Music
Taylor Swift Finally Revealed Her Co-Writer William Bowery's Real Identity
The Swifties were right all along.
Well, the Swifties have cracked the case once again. After months of fan speculation about the identity of one of her new co-writers, Taylor Swift revealed that boyfriend Joe Alwyn helped her write two Folklore songs under the pseudonym William Bowery. While speaking about the track "Exile" during her Disney+ concert film Folklore: The Long Pond Studio Sessions, the singer explained to collaborators Jack Antonoff and Aaron Dessner that Bowery couldn't join them to share his thoughts on the track — because he's not a real person.
"So, William Bowery is Joe [Alwyn]... as we know," Swift revealed. She went on to explain that the actor, who is secretly a talented piano player, actually came up with the piano riff of and some of the first verse. "Joe plays piano beautifully and he's always just playing and making things up and kind of creating things," she said, adding that he wrote the piano part and sang Bon Iver's lines while they wrote the song. "I was entranced, and asked if we could keep writing that one," she said.
In addition to contributing the melody and some lyrics, Alwyn inspired the singer to make the song a duet. "It was pretty obvious it should be a duet because he's got such a low voice," Swift explained. "It sounded really good sung down there, in that register." (The song's bridge, meanwhile, was written by Bon Iver (aka Justin Vernon) after he was asked to sing on the track.)
"Exile" wasn't Alwyn's only contribution to Swift's seventh studio album; later in the film, the singer explained that she wrote fan-favorite track "Betty" with her boyfriend after hearing him sing the "entire, fully-formed chorus" in another room. "It was a step that we would never have taken because why would we have ever written a song together?" she said. "This was the first time we had a conversation where I came in and I was like, 'Hey, this could be really weird and we could hate this, so could we just, because we're in quarantine and there’s nothing else going on, could we just try to see what it’s like if we write this song together?'"
The couple's relationship survived the test — and it also inspired Swift to write "Betty" from the point of view of James, the two-timing boy at the center of her "teenage love triangle" trilogy of songs. "He was singing the chorus of it, and I thought it sounded really good from a masculine perspective. And I really liked that it seemed to be an apology," Swift continued, explaining that she's written many songs from the female perspective about yearning for an apology.

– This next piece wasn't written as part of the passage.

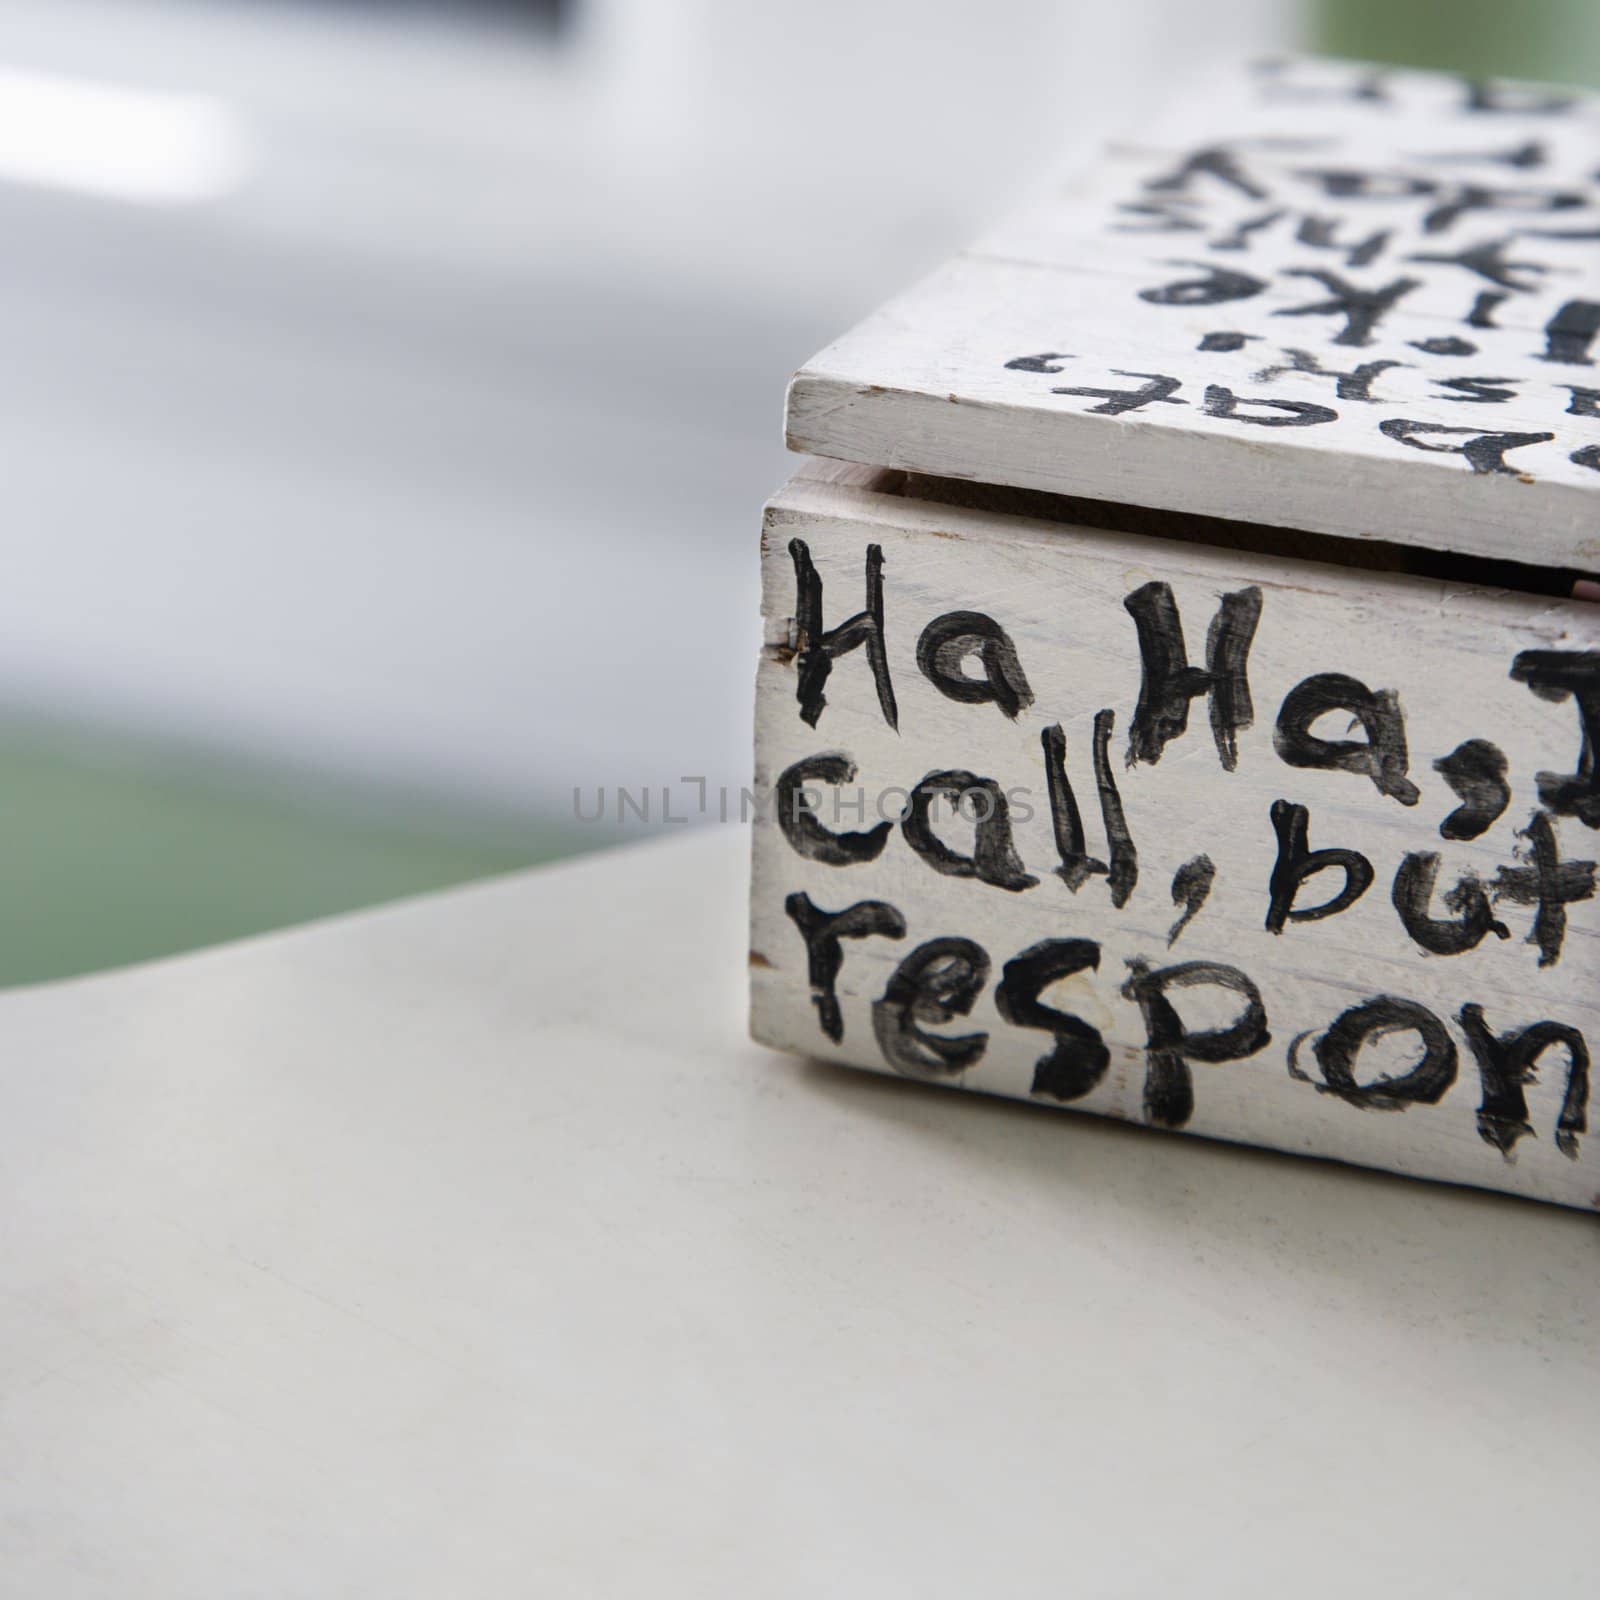 Hand painted box with text starting with ha ha.

Swift herself has written songs under a pseudonym in the past, most famously helping ex Calvin Harris write "This Is What You Came For" as Nils Sjoberg. "Amazing lyric writer and she smashed it as usual," the producer confirmed in a since-deleted tweet back in 2016. In a recent conversation with Paul McCartney for Rolling Stone, Swift revealed that she created the identity by combining "two of the most popular names of Swedish males."
While she noted that it was fun to keep her contributions hidden for a bit, Swift explained that the real reason she likes to sometimes use a pen name is to create without the pressure of having her own identity attached to the project. "I think, when a pseudonym comes in is when you still have a love for making the work and you don't want the work to become overshadowed by this thing that's been built around you, based on what people know about you. And that's when it's really fun to create fake names and write under them," she explained. Clearly, Alwyn — excuse us, William Bowery — feels the same way.